Exercise data —
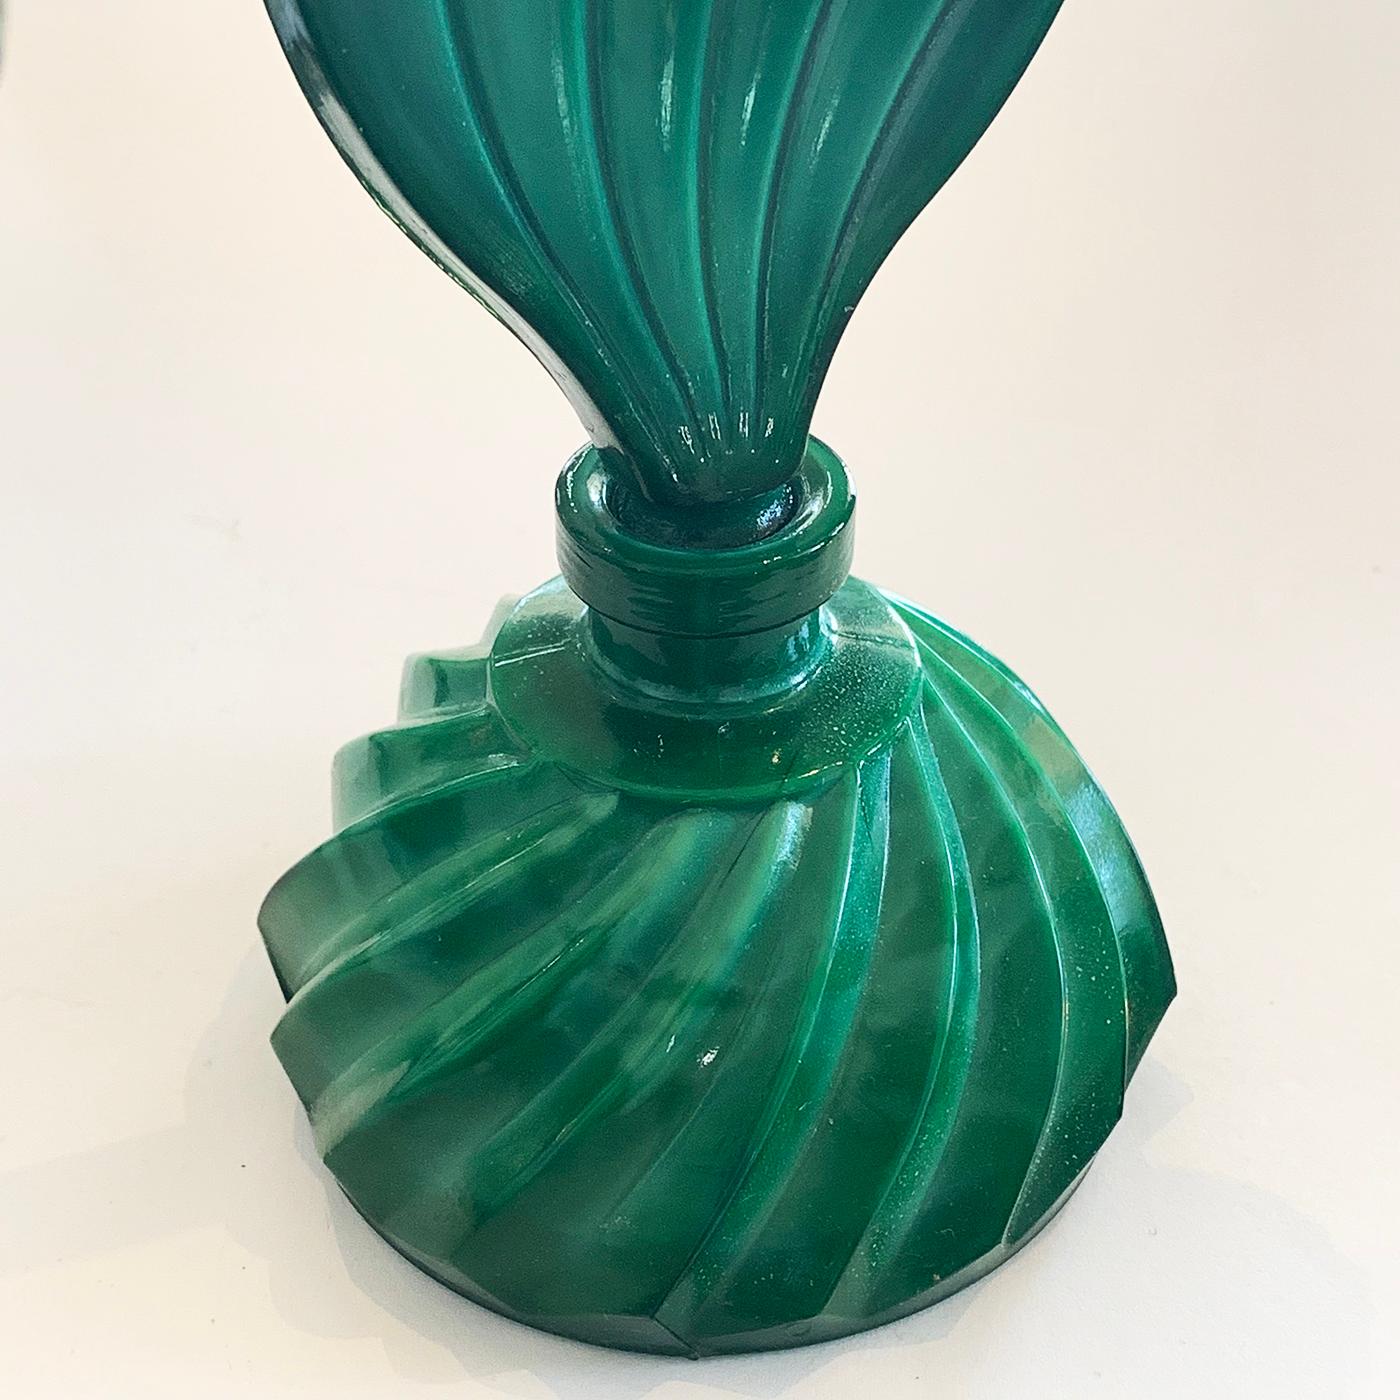 Art Deco Czechoslovakian green malachite glass perfume flask, all in perfect condition, including the stopper and neck seal. The bottle base is in the shape of a tapering twist reeding sides, and the stopper is in the shape of a feather above the
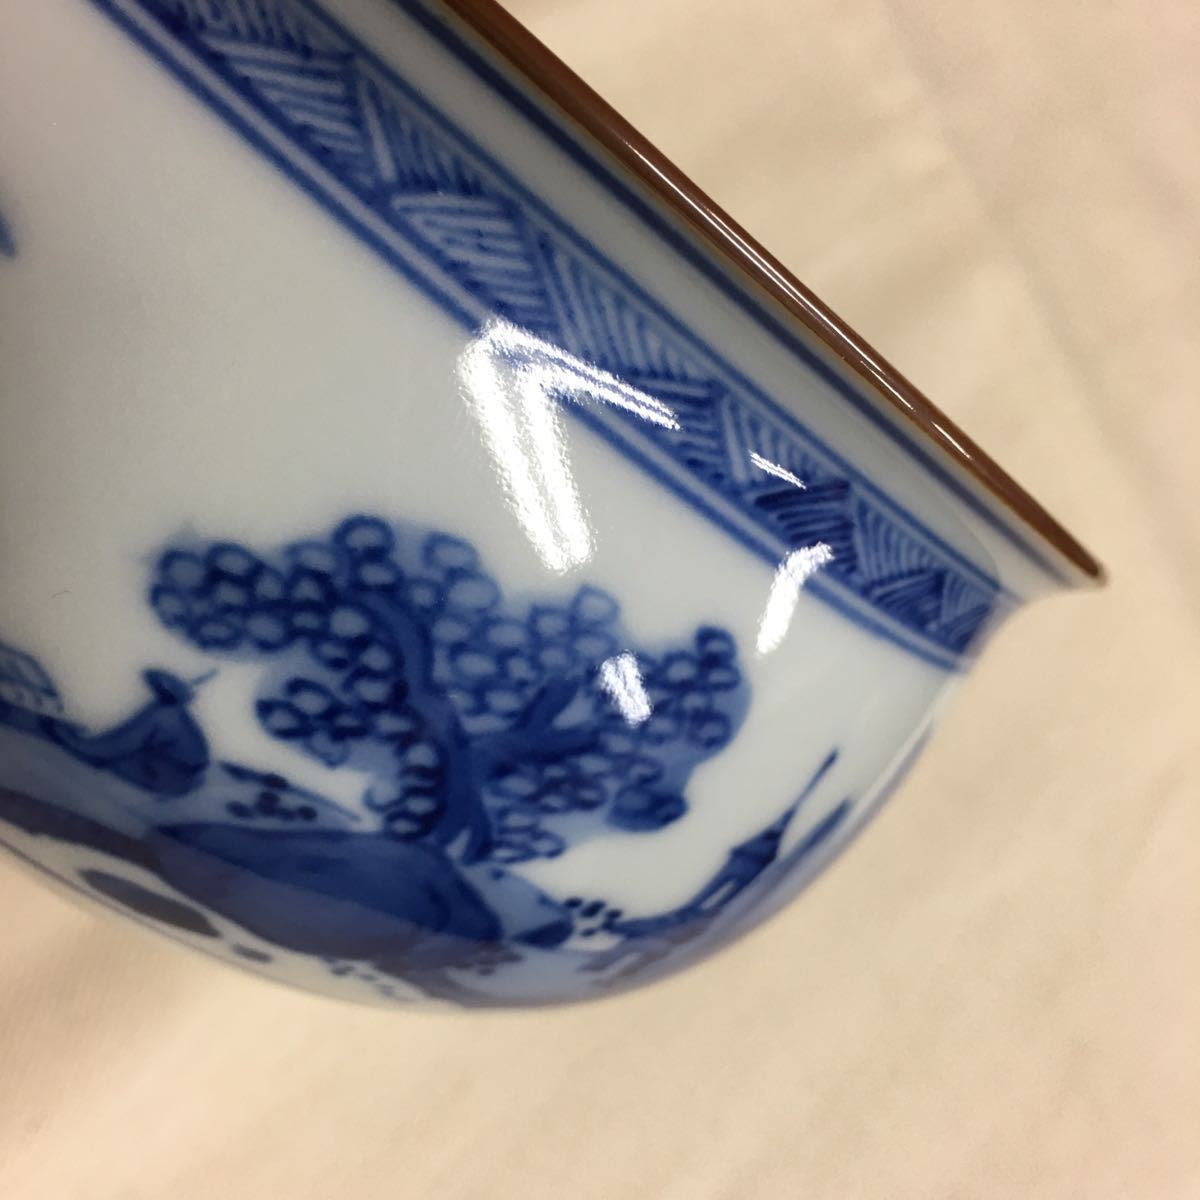  censer . equipped tea utensils blue . blue and white ceramics tea cup tea utensils teacup pot China Tang thing fragrance 
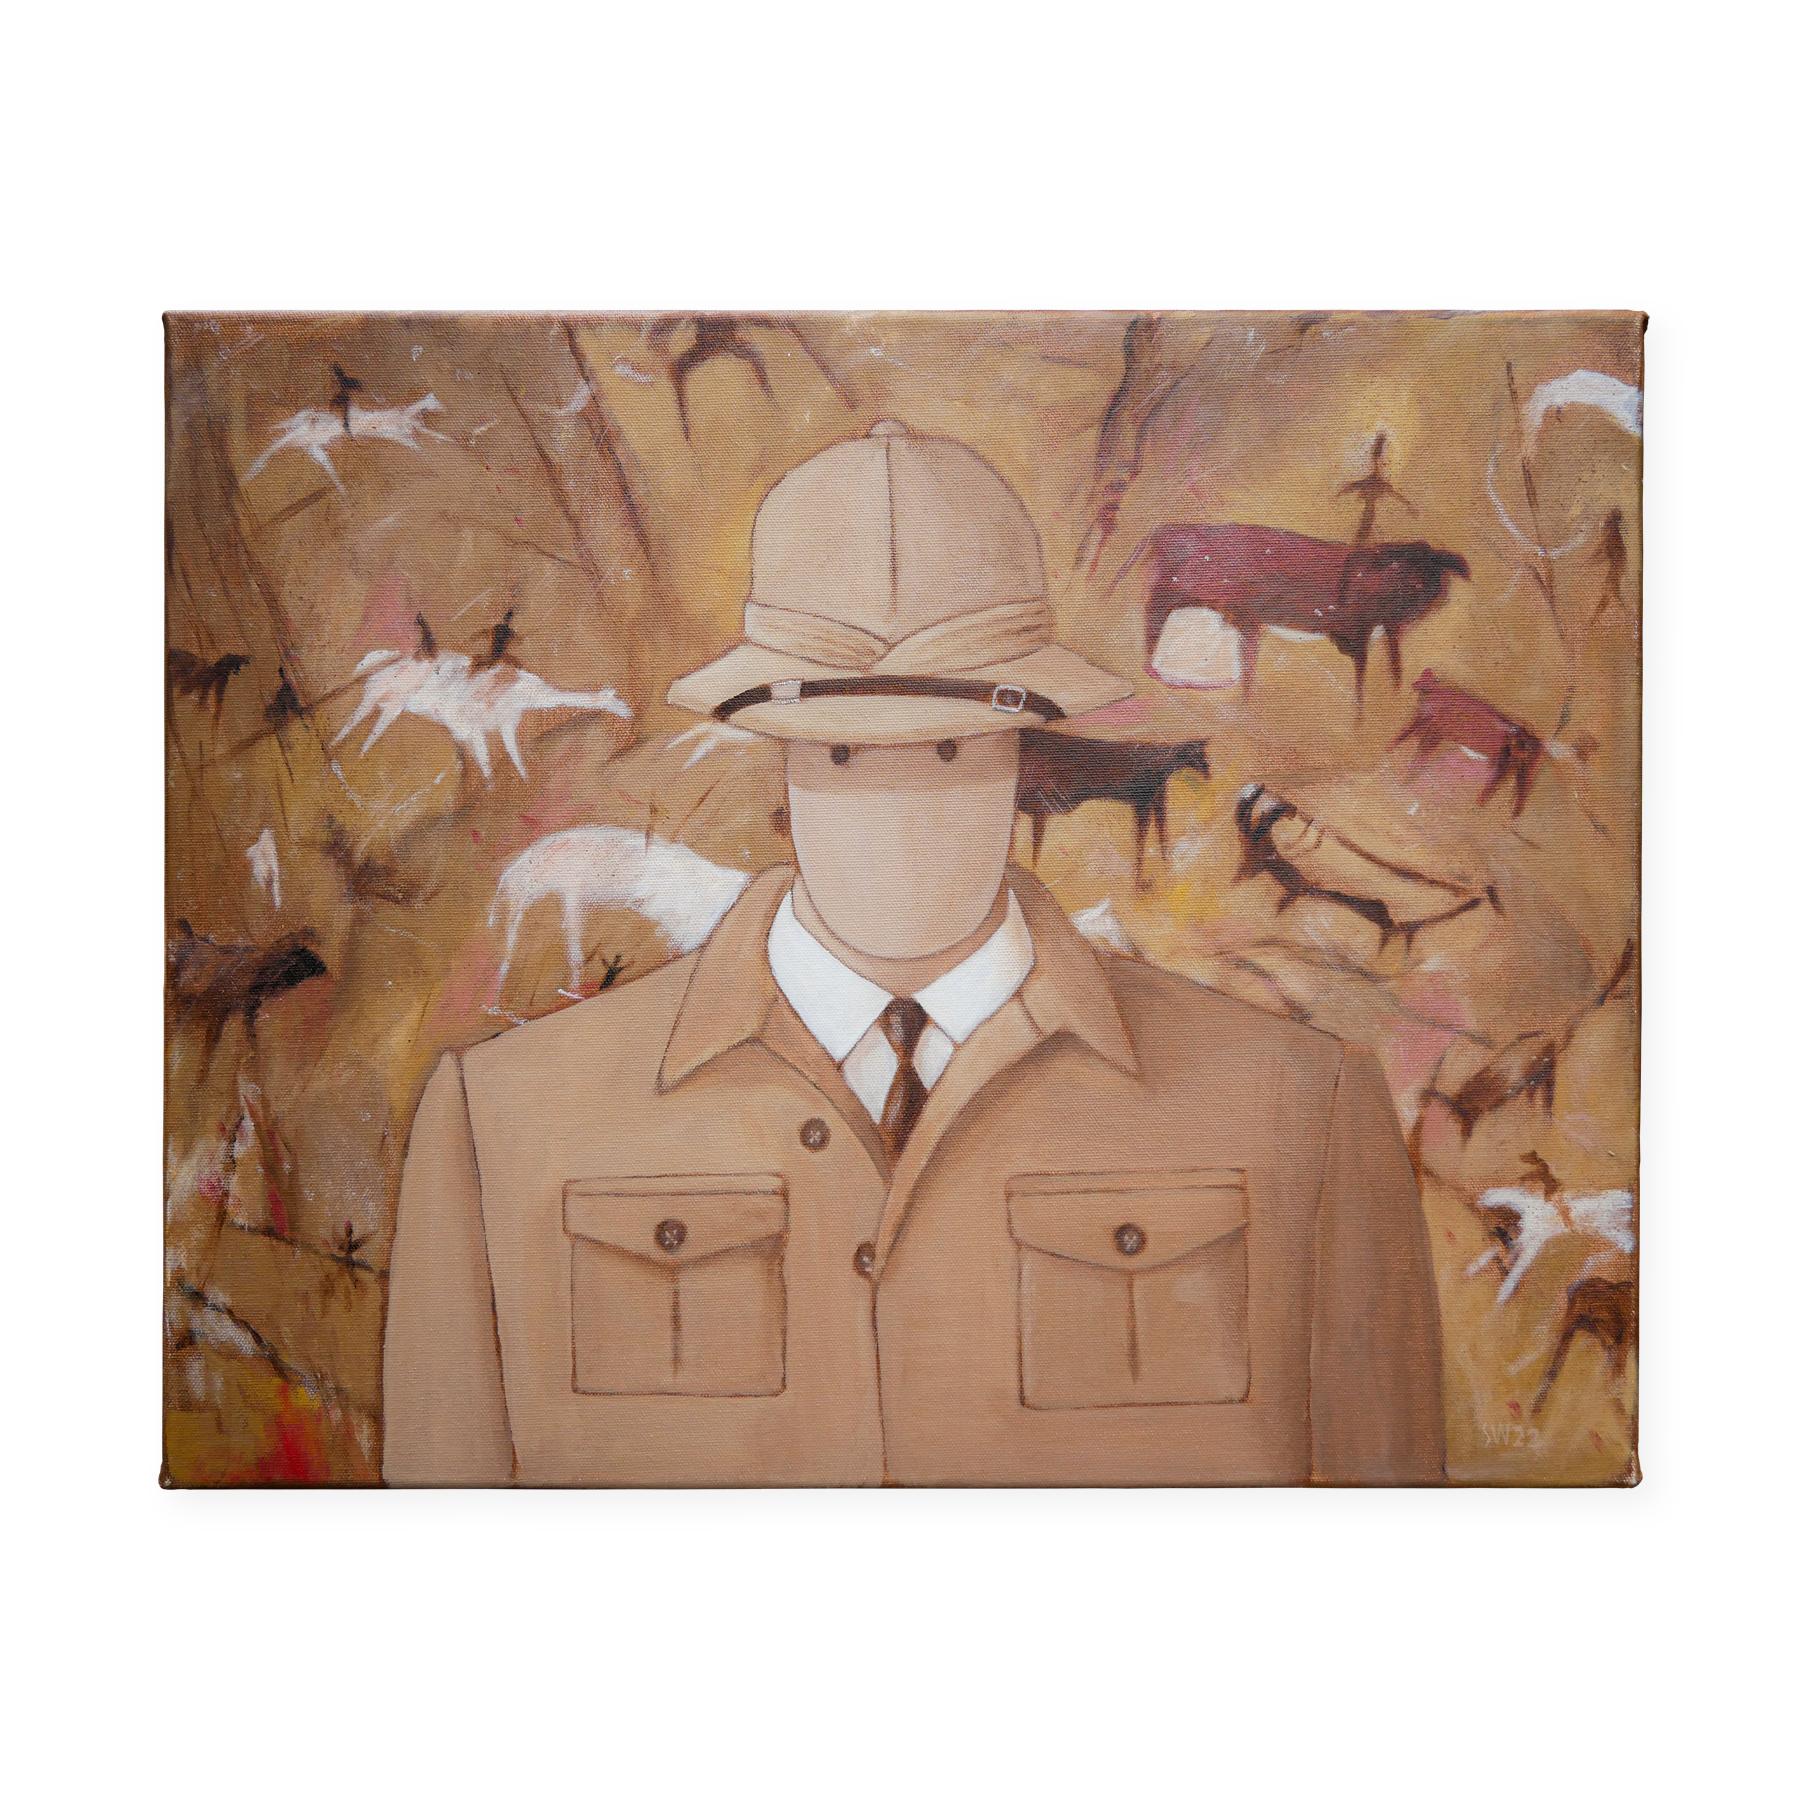 Brown abstract figurative painting by Houston, TX artist Scott Woodard. The painting depicts a man in a brown coat and hat against the Lascaux cave paintings in France. Signed by the artist at the bottom right. Titled and dated at the back. Unframed

Work to be completed —
Your job is to restate, word for word, only the lines from the one holding "censer . equipped" through the end of the material; pictures stay out.

Answer to this exercise —
  censer . equipped tea utensils blue . blue and white ceramics tea cup tea utensils teacup pot China Tang thing fragrance 
 Brown abstract figurative painting by Houston, TX artist Scott Woodard. The painting depicts a man in a brown coat and hat against the Lascaux cave paintings in France. Signed by the artist at the bottom right. Titled and dated at the back. Unframed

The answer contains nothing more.